WHAT YOU WILL DO:
Look below for the lines from the one with "As LuxeConsult continues" to the one with "That&rsquo;s why we", and copy exactly those lines, both ends included.

INPUT FOR THIS TASK:
[Start of Attachment]

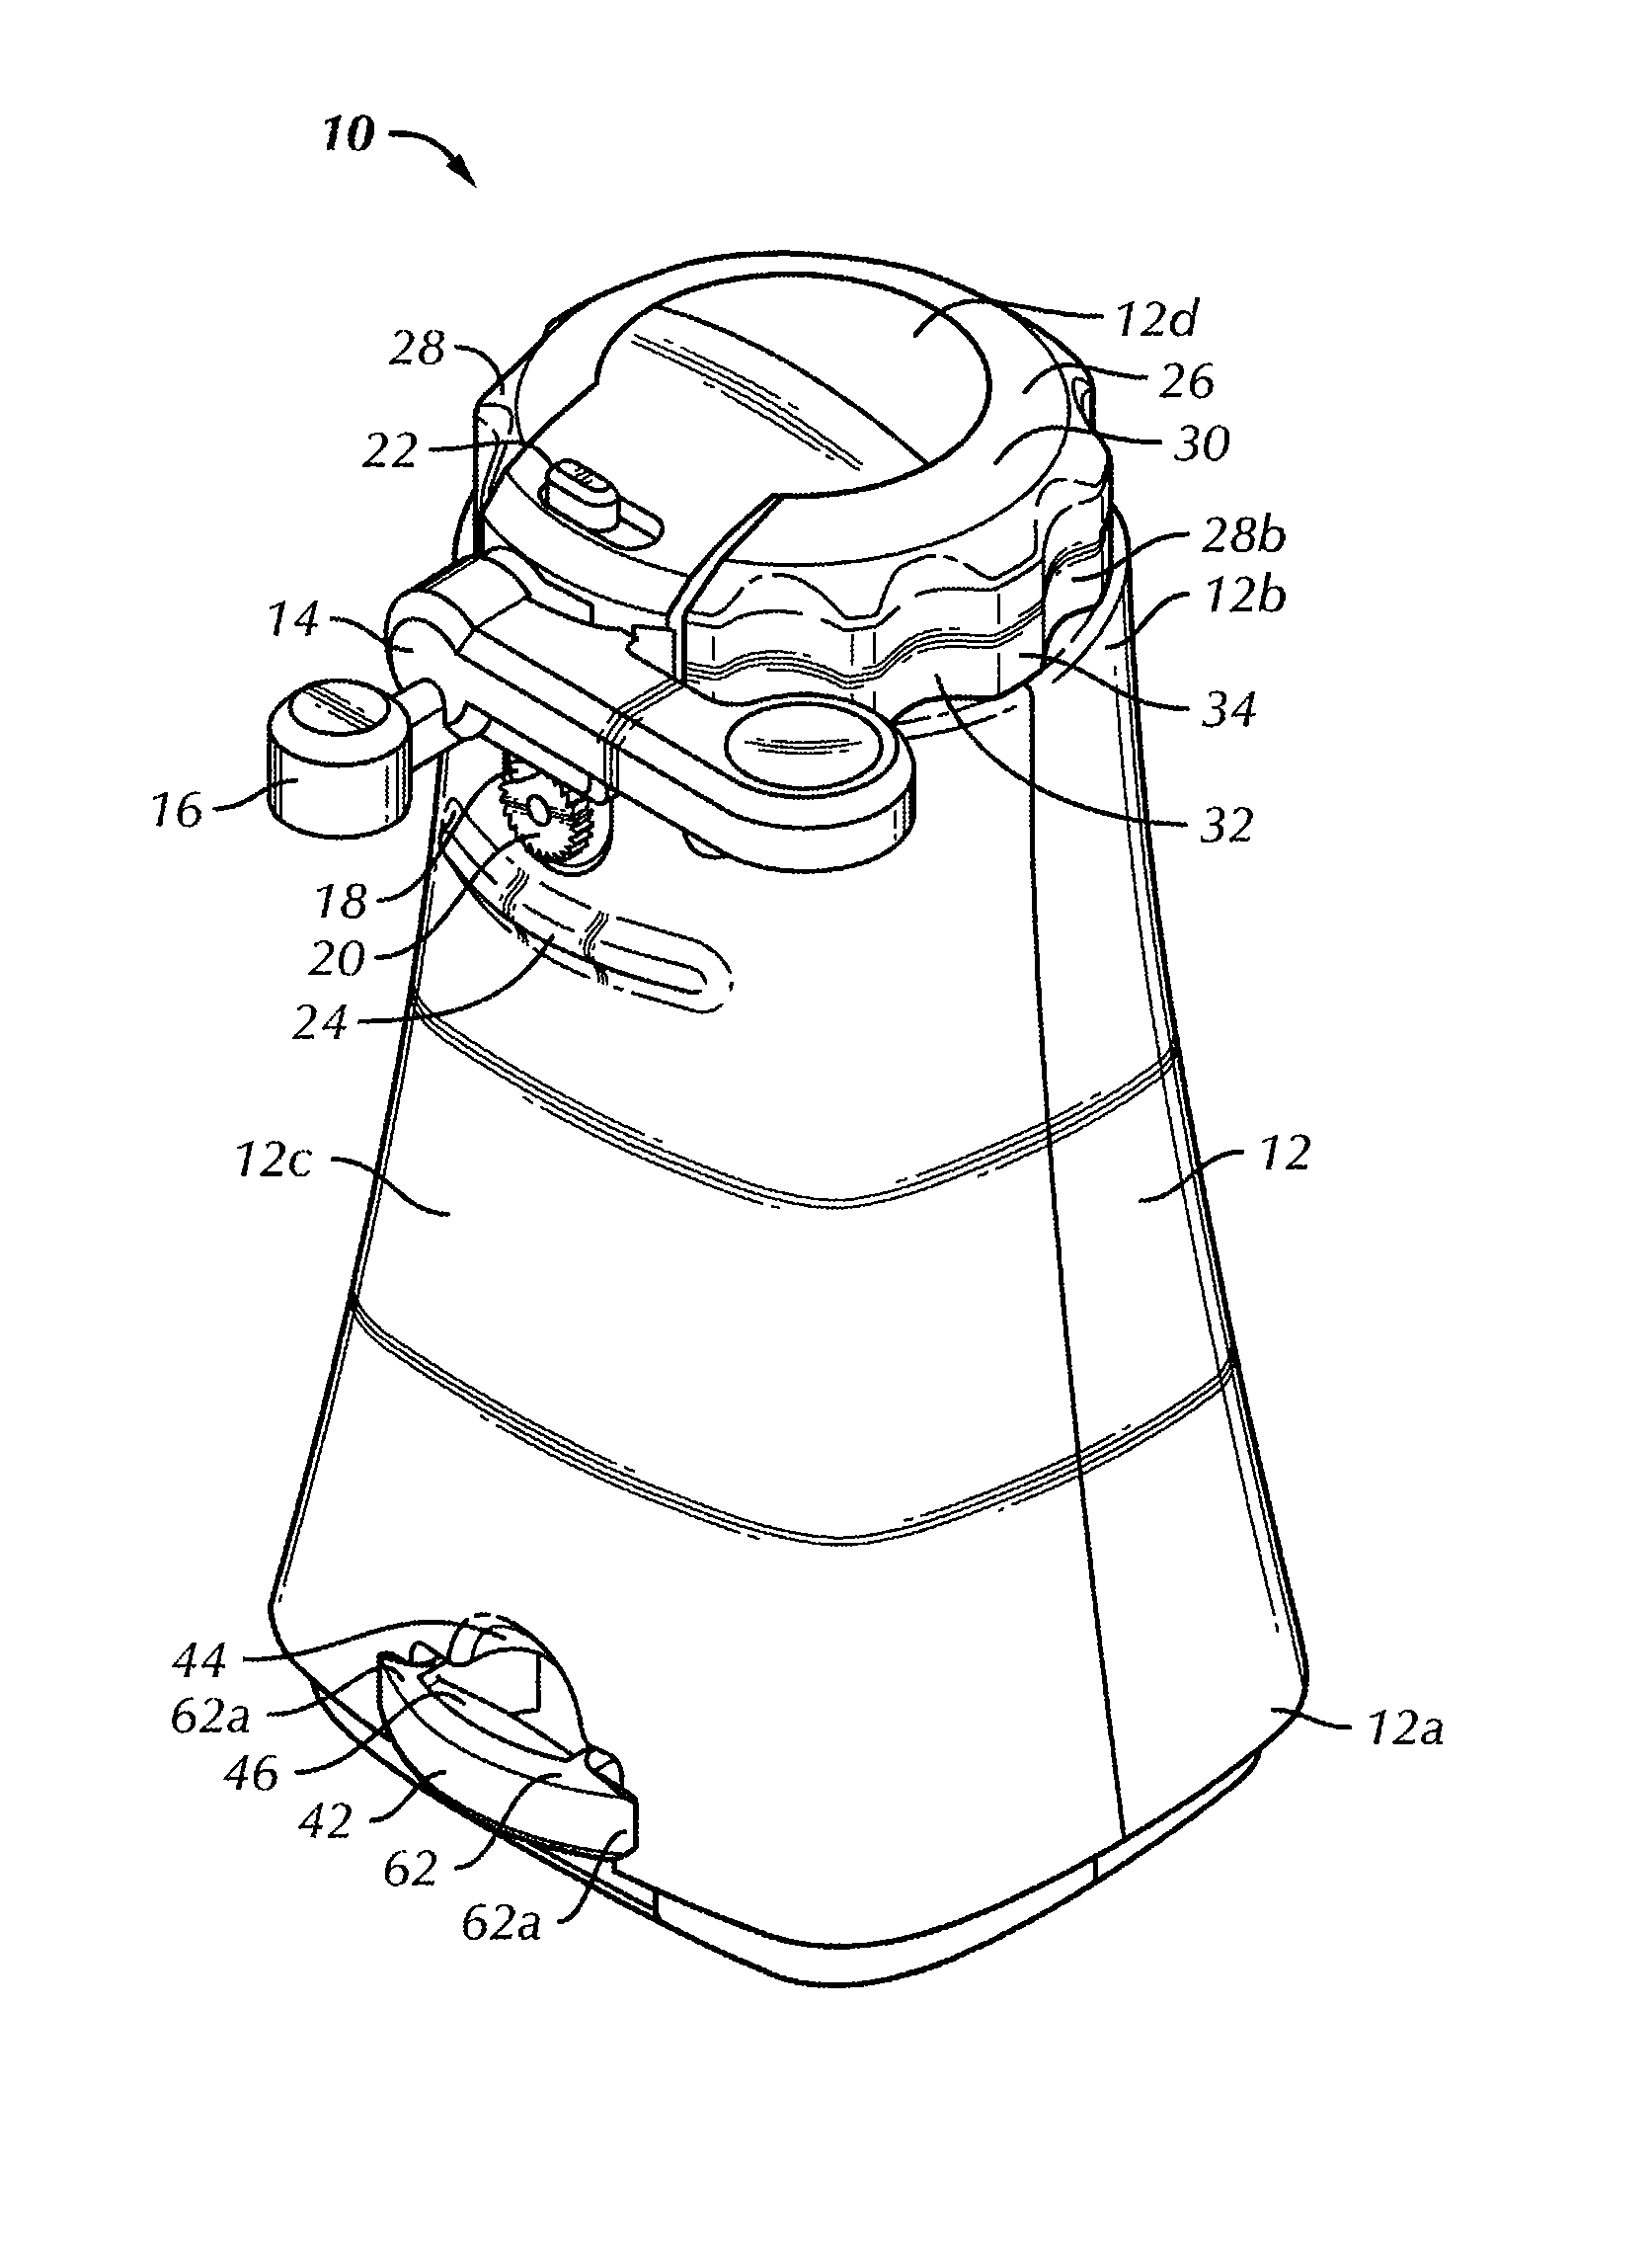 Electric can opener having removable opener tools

[End of Attachment]
[Start of Attachment]

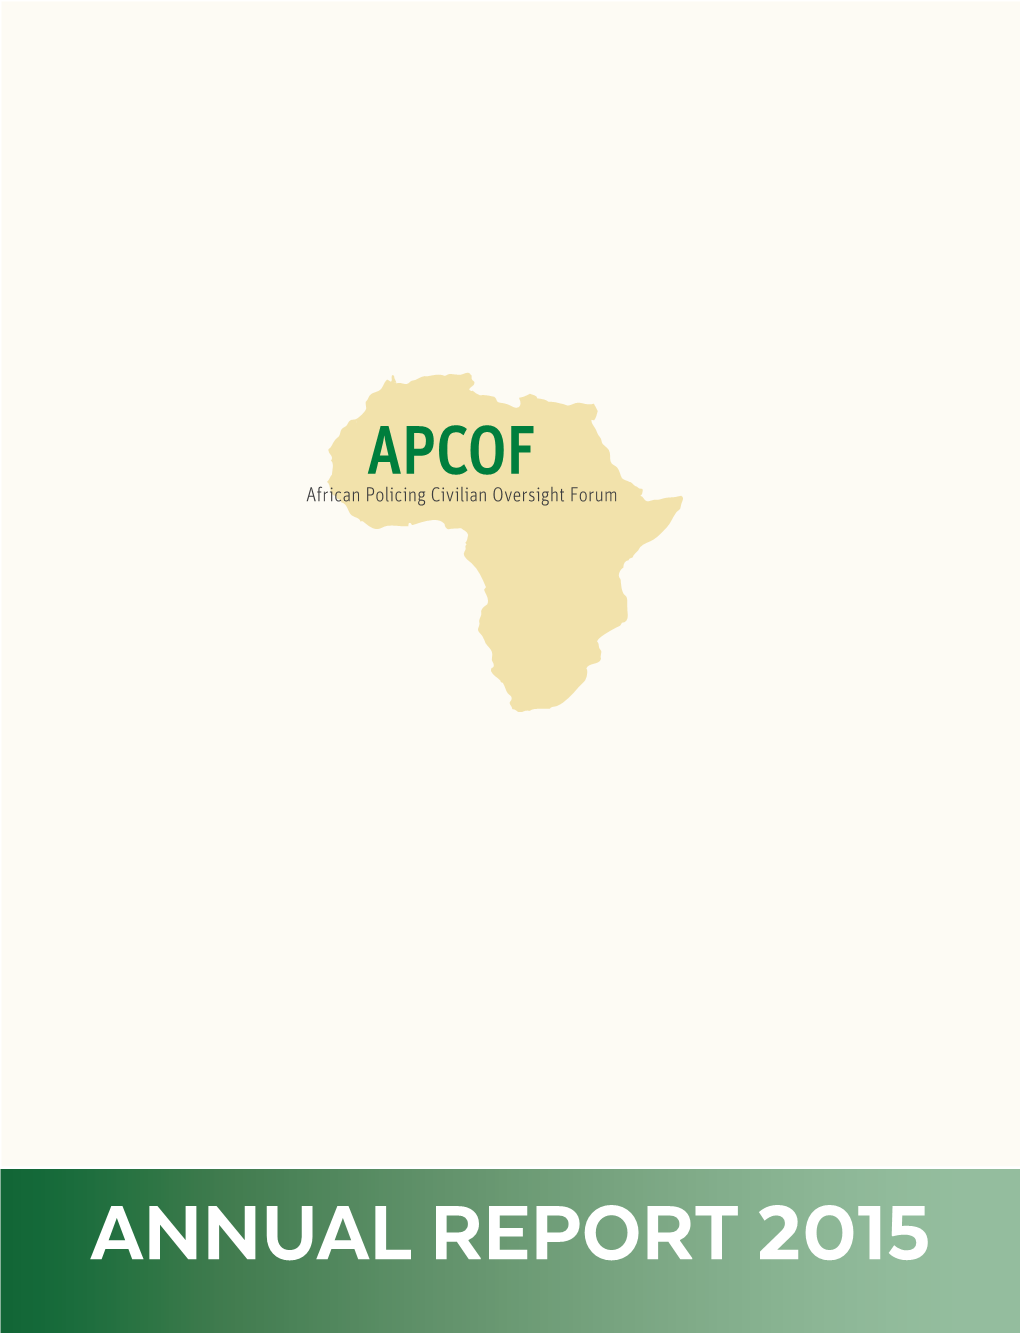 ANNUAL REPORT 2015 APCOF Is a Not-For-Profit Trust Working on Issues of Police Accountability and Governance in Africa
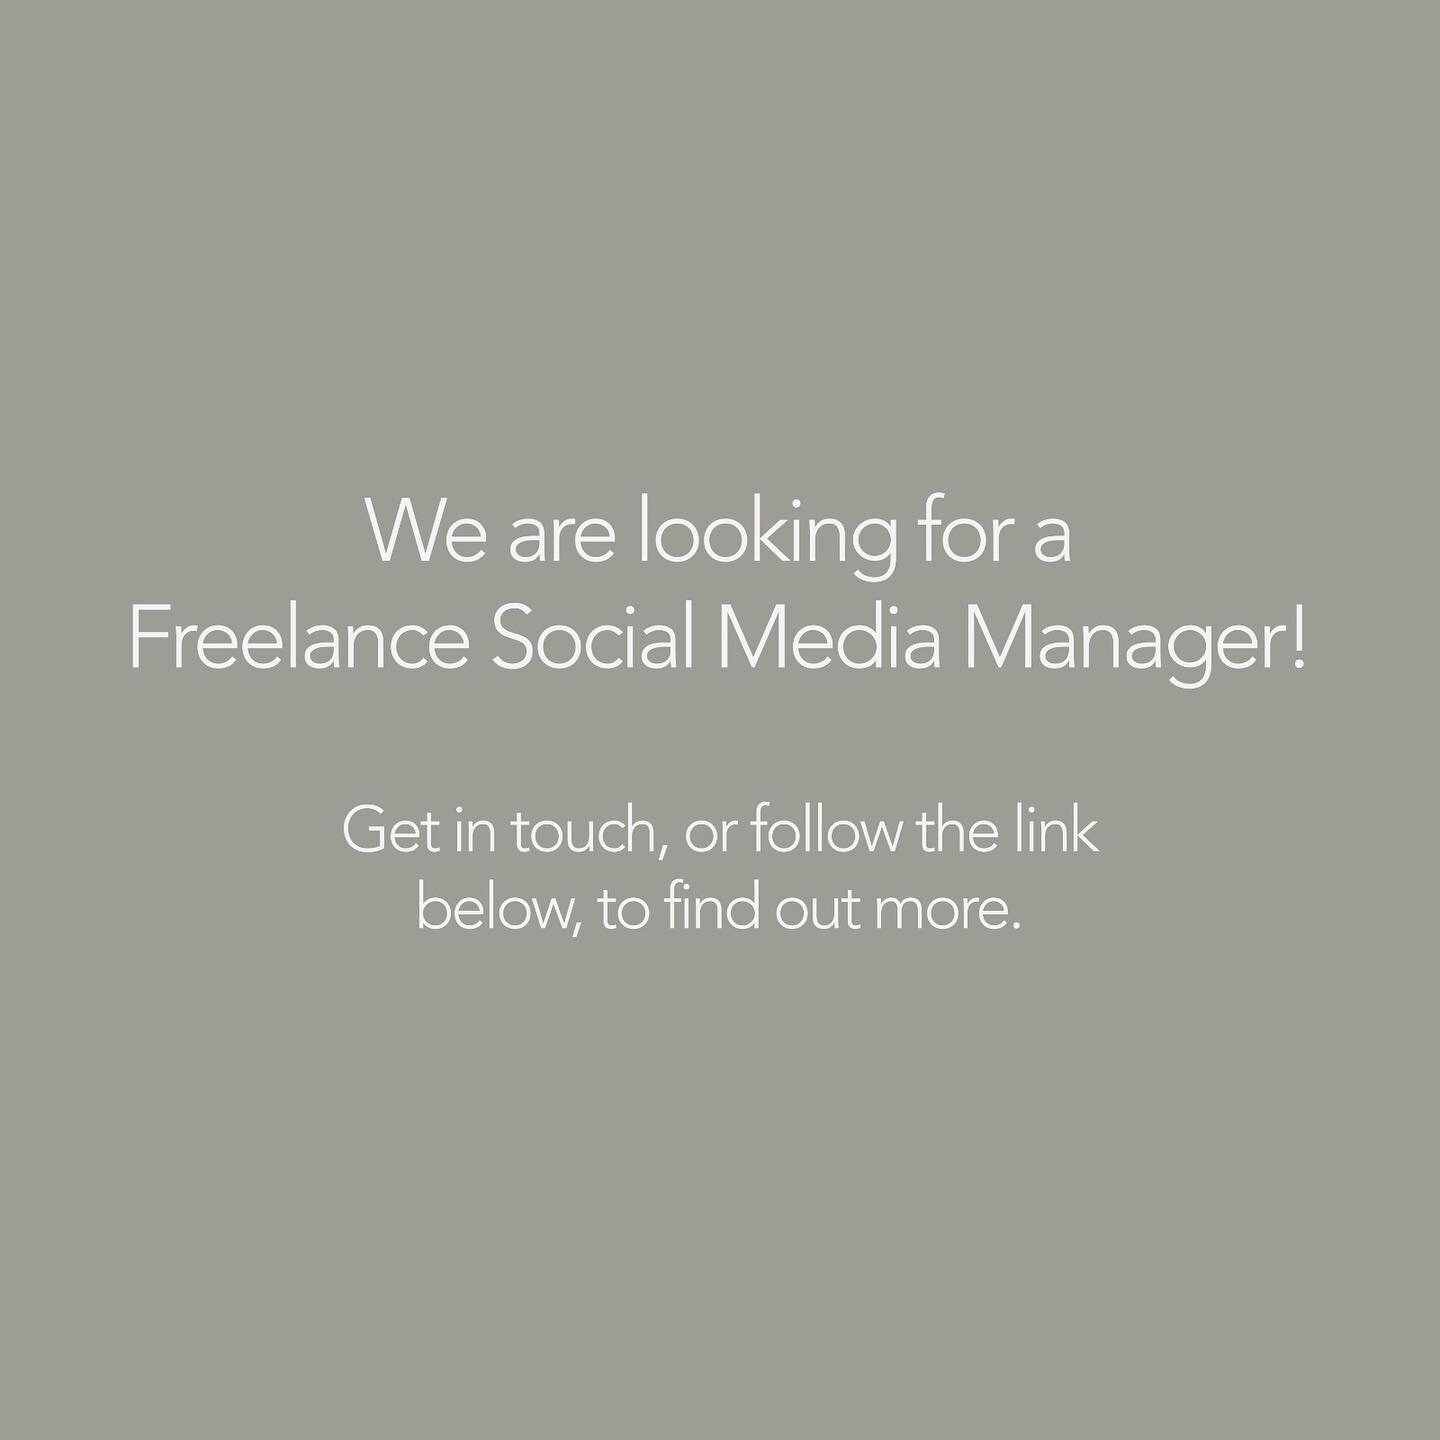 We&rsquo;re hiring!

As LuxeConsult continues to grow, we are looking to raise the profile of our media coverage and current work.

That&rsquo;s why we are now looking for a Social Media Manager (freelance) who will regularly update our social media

[End of Attachment]
[Start of Attachment]

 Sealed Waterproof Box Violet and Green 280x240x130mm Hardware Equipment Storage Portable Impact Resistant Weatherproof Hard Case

[End of Attachment]

RESPONSE TO THE EXERCISE:
As LuxeConsult continues to grow, we are looking to raise the profile of our media coverage and current work.

That&rsquo;s why we are now looking for a Social Media Manager (freelance) who will regularly update our social media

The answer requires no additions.